STORY UPDATE: As of Jan. 1, the reporting threshold for business transactions processed through any cash apps is $600. An FAQ from the IRS is available here.
Beginning Jan. 1, 2022, people who use cash apps like Venmo, PayPal and Cash App are required to report income that totals more than $600 to the Internal Revenue Service.
VERIFY previously reported on the change in September, when social media users were criticizing the IRS and the Biden administration for the change, some claiming a new tax would be placed on users who use those apps to process payments.
After the change was made, a revision proposal was introduced to up the reporting threshold to $10,000 for income made via cash app, but that proposal was never passed into law.
THE QUESTION
VERIFY viewer Tina asked: "Next year will I be sent a 1099 for using money apps like Venmo or Zelle after $600 worth of money has been sent to me?”
THE SOURCES
- Steve Rosenthal, senior fellow at the Urban-Brookings Tax Policy Center at the Urban Institute
- David Super, a tax law professor at Georgetown University
- The Department of Treasury
THE ANSWER
Yes, you will receive a 1099-K form next year if you receive more than $600 on an app.

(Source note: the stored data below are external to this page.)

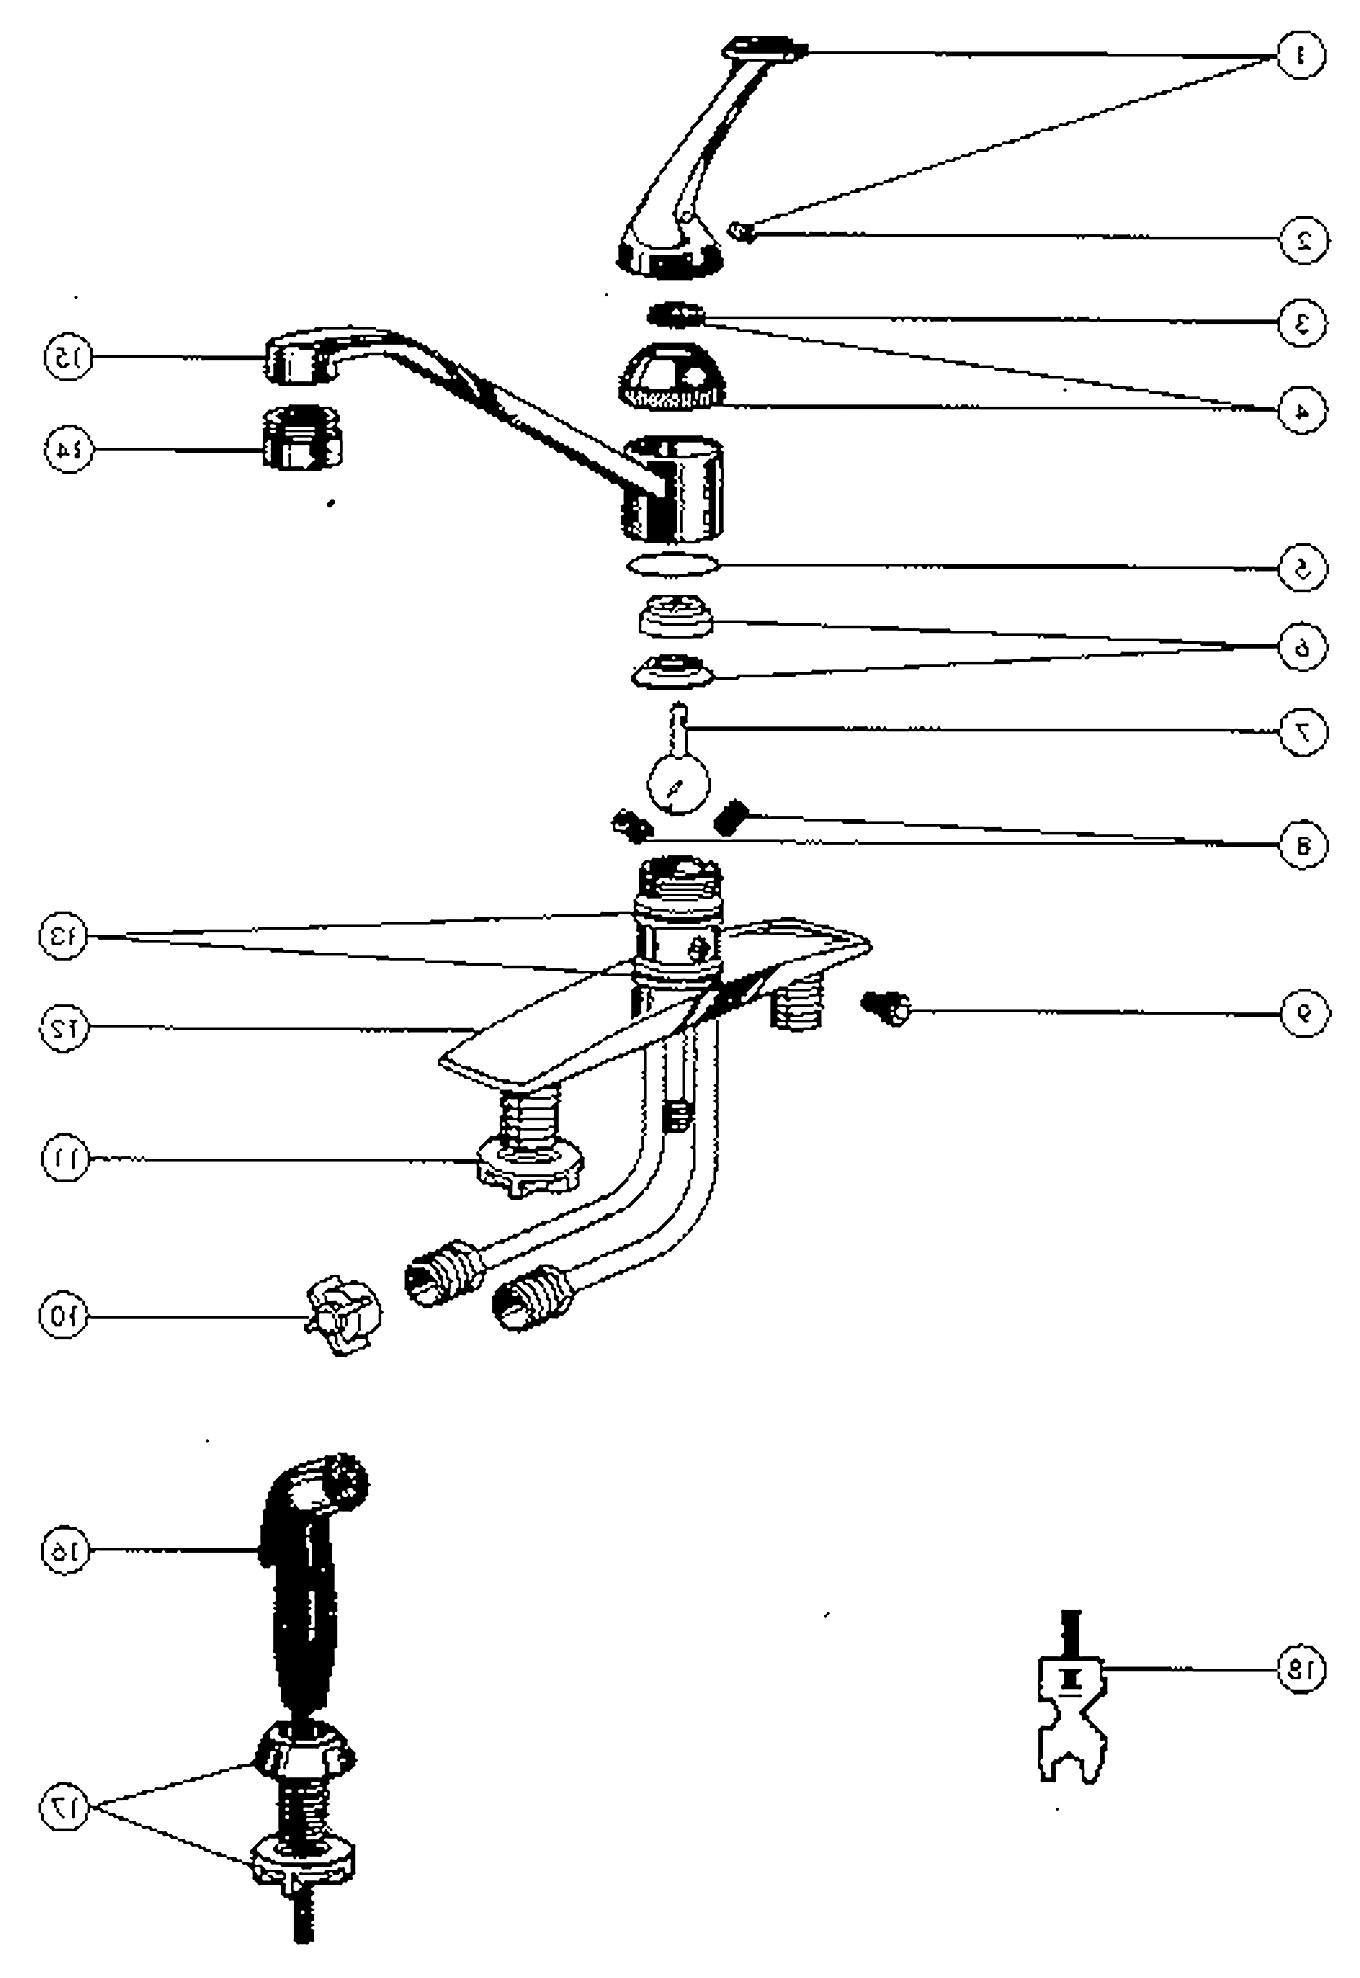 Fire Extinguisher Parts Diagram Incredible Grey Dining Room Design Plus Delta Kitchen Faucet Parts Of Fire Extinguisher Parts Diagram
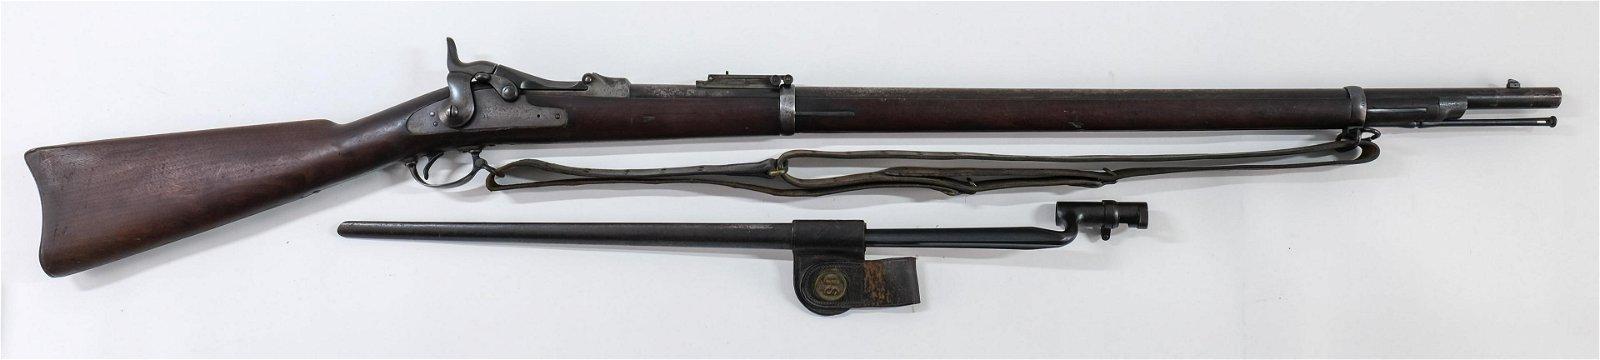 Springfield 1884 Trapdoor Rifle
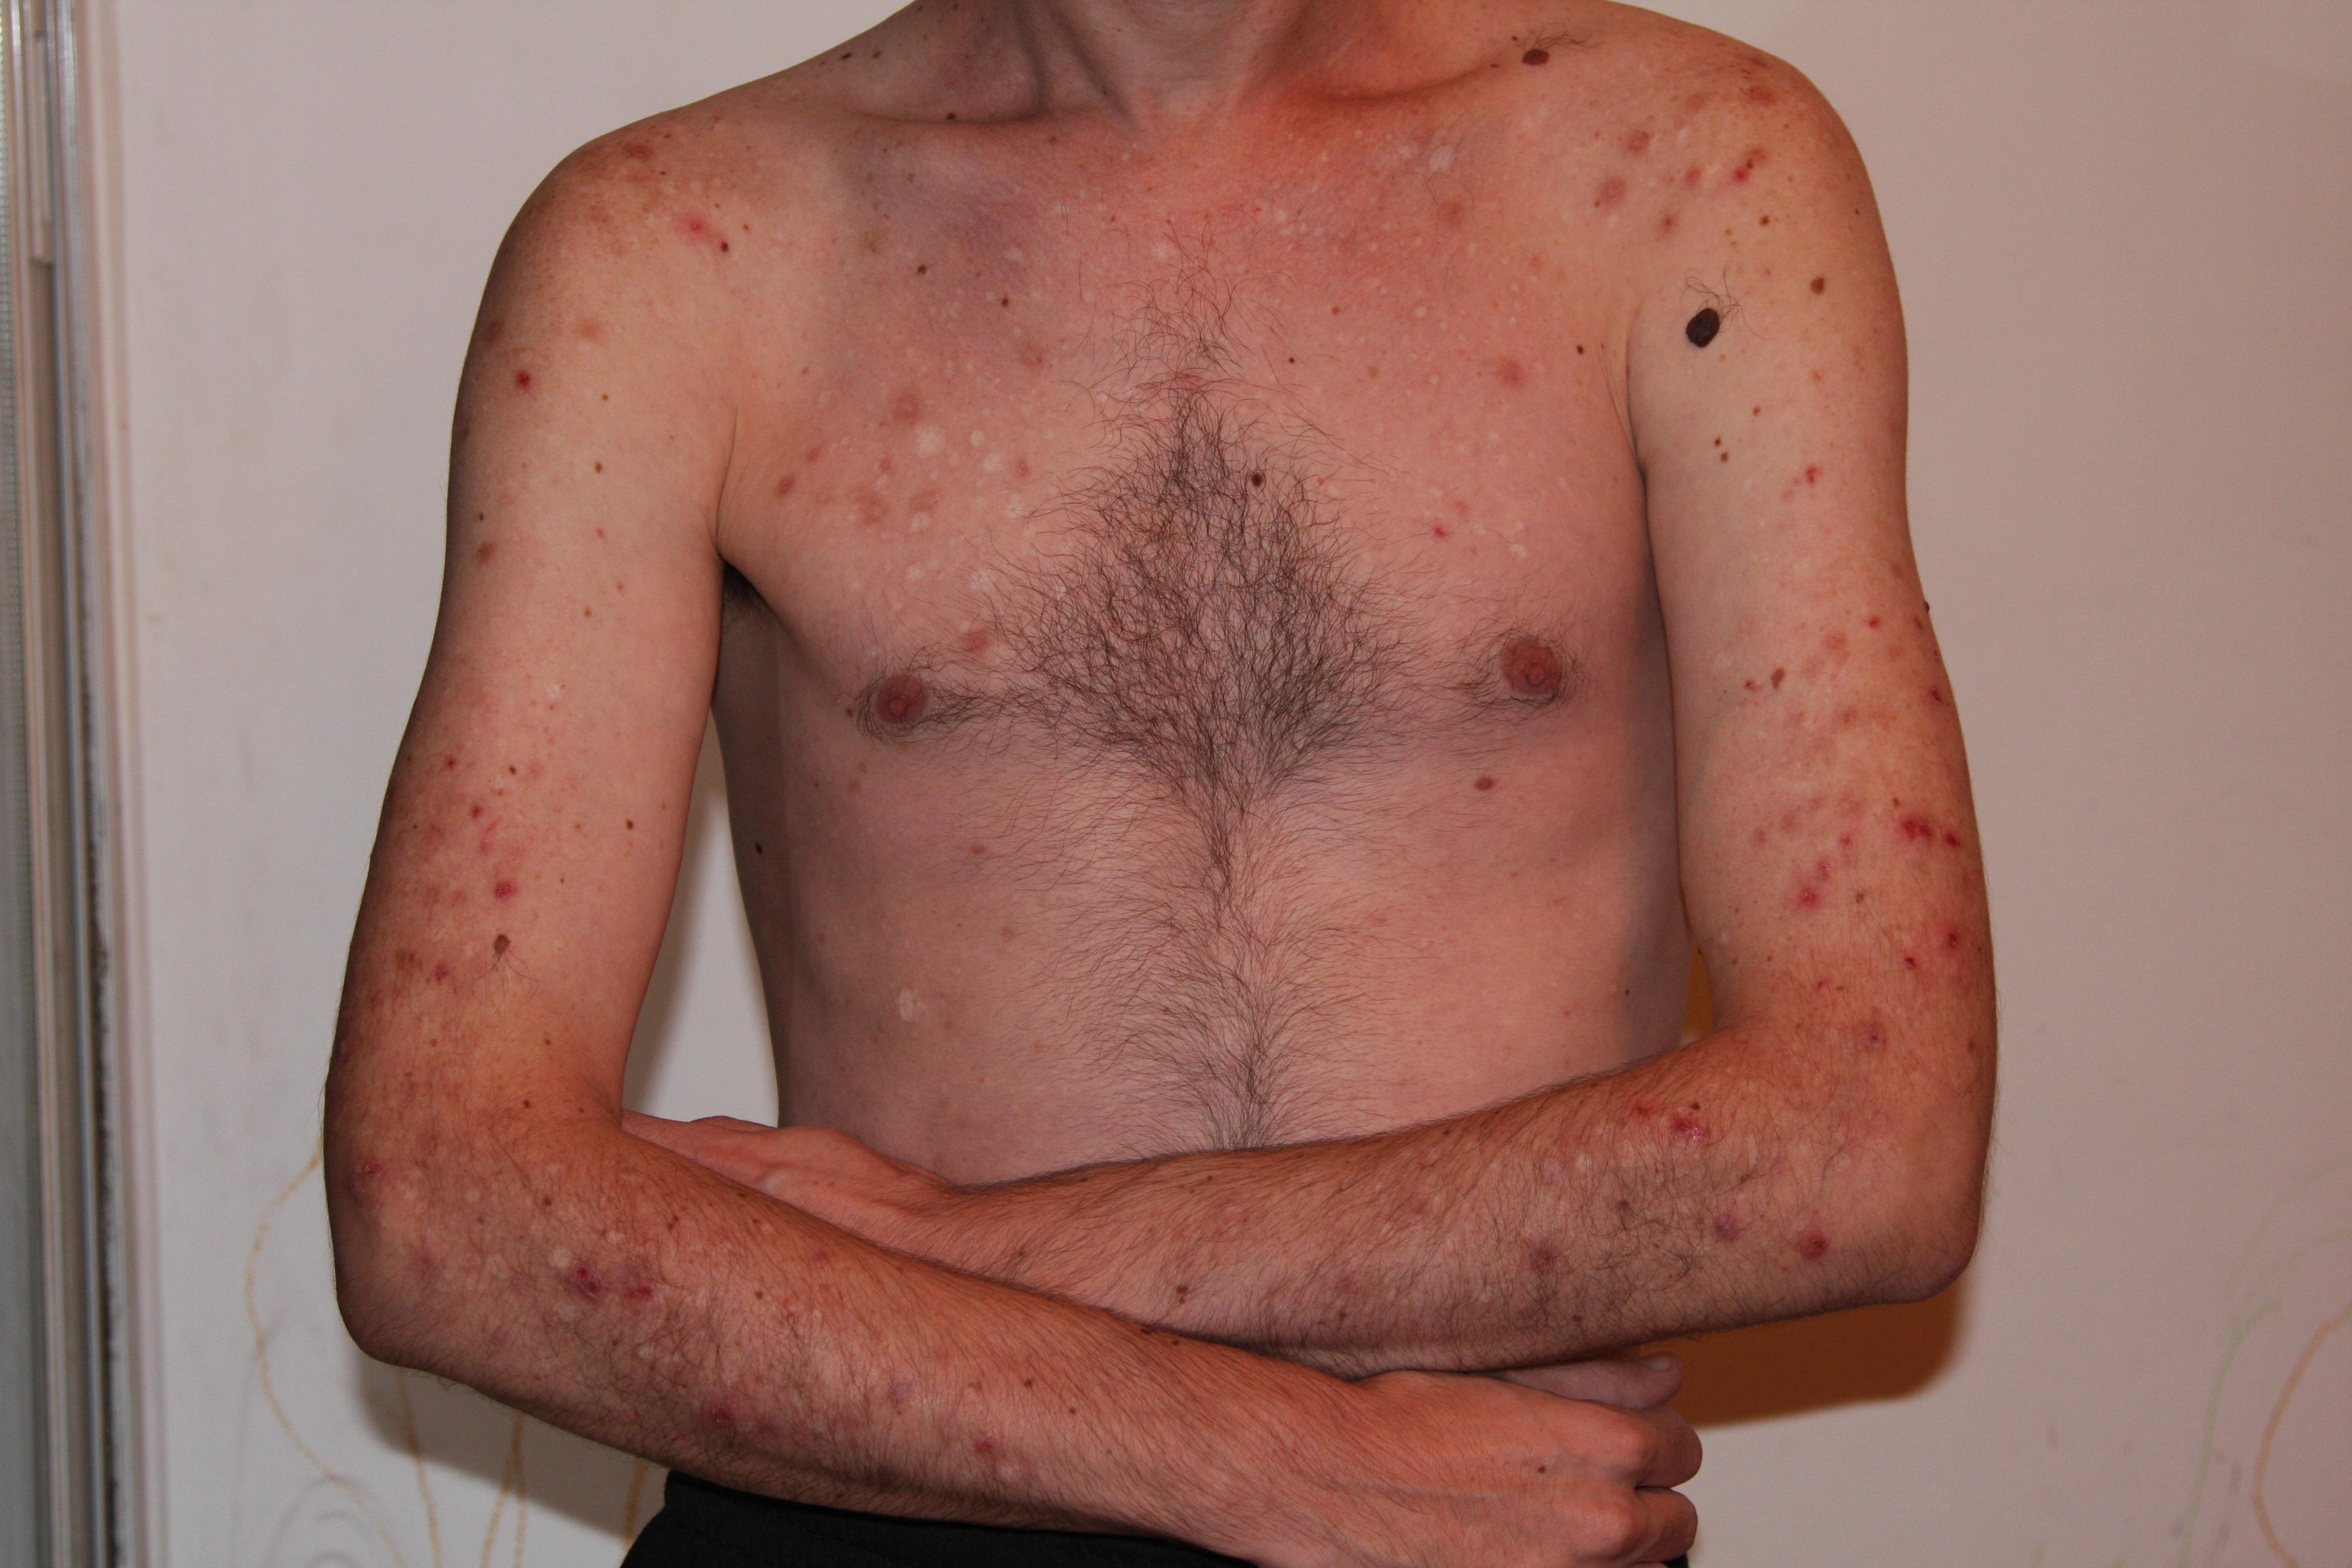 Excoriation Skin Picking Disorder
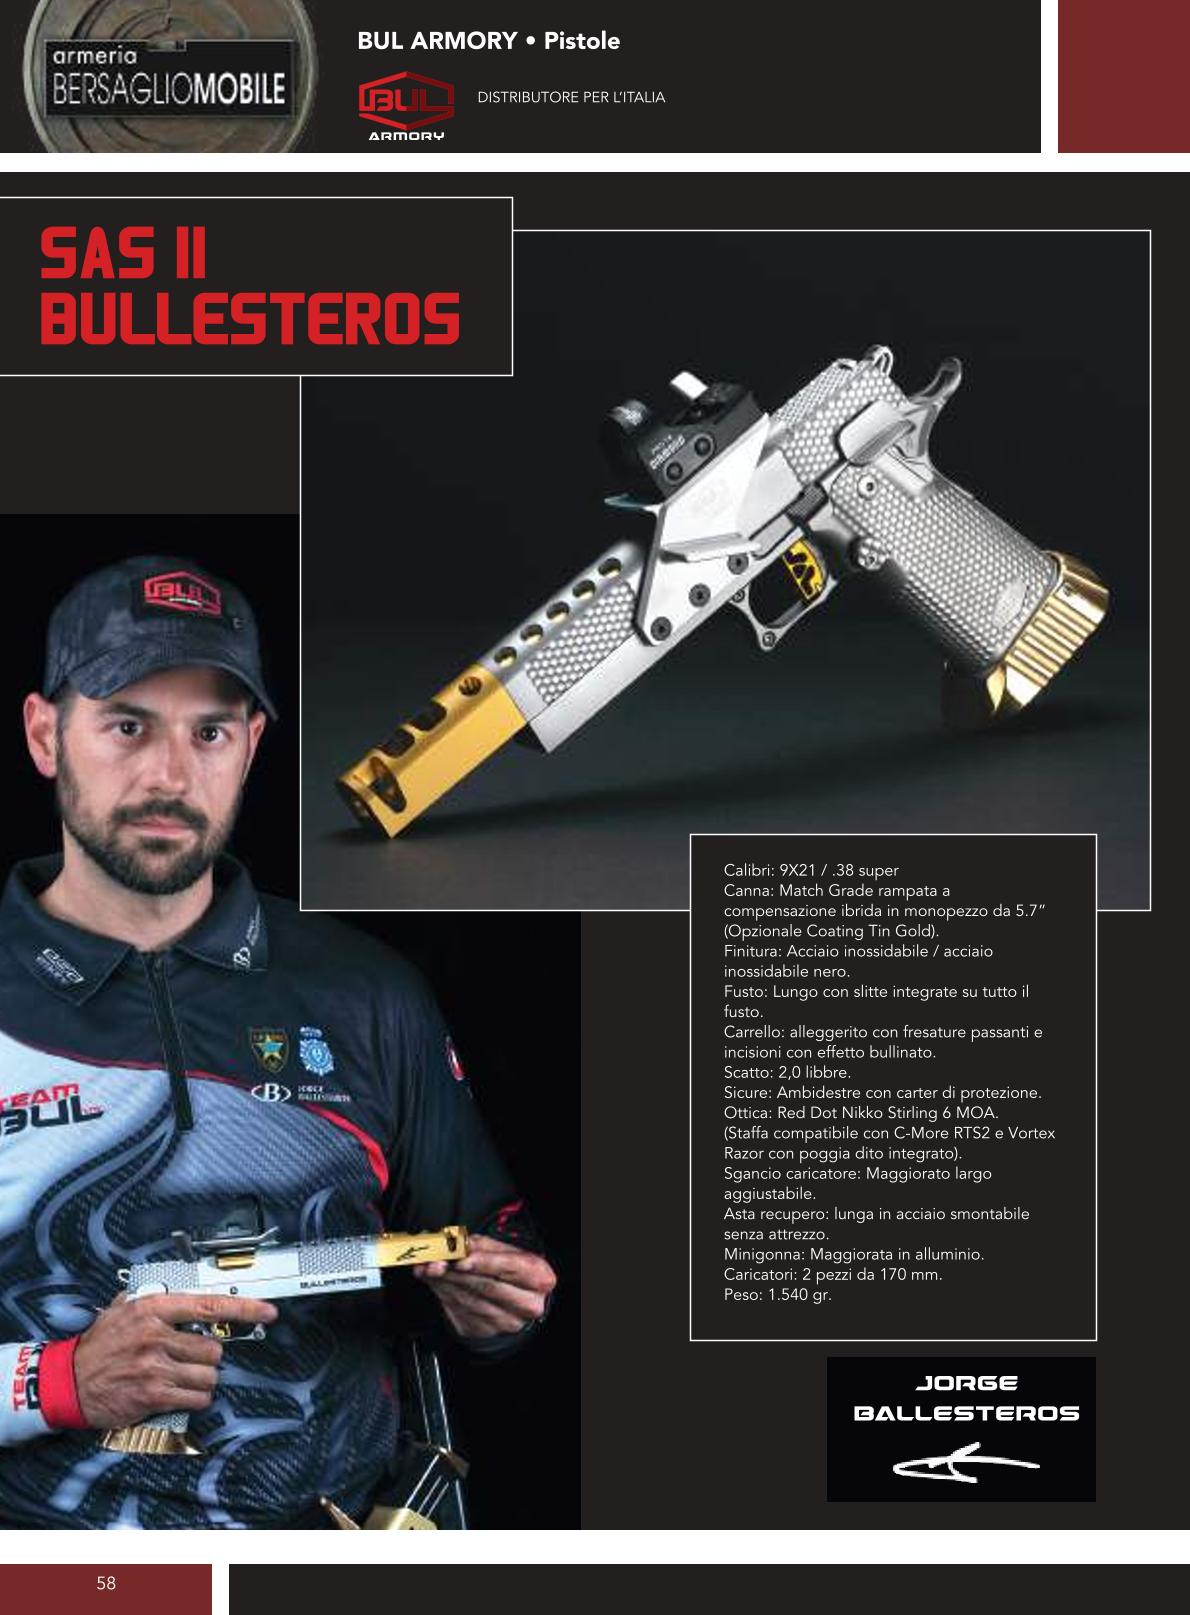 Bul Armory - Sas II Bullesteros - Armeria Bersaglio Mobile

This only applies for income that would normally be reported to the IRS anyway. Current tax law requires anyone to pay taxes on income over $600, regardless of where it comes from.
The taxes don’t apply to friends and family transactions, like rent payments or dinner reimbursements.
WHAT WE FOUND
The American Rescue Plan Act of 2021 modifies the IRS reporting requirement from $20,000 in aggregate payments and 200 transactions to a threshold of $600 in aggregate payments, with no minimum transaction number. The new rule went to effect on Jan. 1, 2022 and the first 1099-K forms for people who meet the lower $600 threshold will be sent in 2023.
This reporting using third-party applications, like Cash App, Venmo, or PayPal, only applies to goods and services, not personal payments, like if someone paid you back for a dinner.
An IRS explainer on the third-party transactions can be found here.
David Super, a tax law professor at Georgetown University, told VERIFY in an email: “This proposal does not change what is taxable or what is deductible. It merely seeks to achieve more honest reporting about what income is received and what deductible expenses are made.”
“If one is receiving money from a friend or family member as a gift or as a reimbursement, the effect is likely to be the same: no countable income. If, on the other hand, one is using the cash app to receive the proceeds of a business, those business receipts would need to be reported as such,” Super said.
Steve Rosenthal, a senior fellow at the Urban-Brookings Tax Policy Center at the Urban Institute, told VERIFY that Congress had been expanding information reporting for the gig economy for payments made for services using cash apps. For people using these applications, they would receive an information report and 1099-K to report any earned income.
“Venmo, for instance, should give you an information report and tell the IRS, likewise, that you received a substantial amount of receipts, as well as engage in a substantial number of transactions. Next year, Congress lowered the threshold to $600. So many more people will be receiving information reports from Venmo and other cash facilities,” Rosenthal said.
“That does not mean just because you receive an information report that you have taxable income, you may not have any gains on say, a transaction that was a sale, or maybe just a personal transaction and not per se, an income producing transaction,” he added. “Like my wife often receives Venmo payments from some of her girlfriends for groceries, and she makes those payments. And so that wouldn’t result in any income. And even if my wife got such a form, she could ignore it.”
He said the IRS only audits a tiny fraction of taxpayers, and that will continue. But if someone is getting a steady stream of money through a cash app, and it looks like it’s for retail or income, then “that will make that unreported business income more visible to the IRS.”
“The primary hope is that businesses will voluntarily report their income accurately once their receipts are more openly documented,” he said.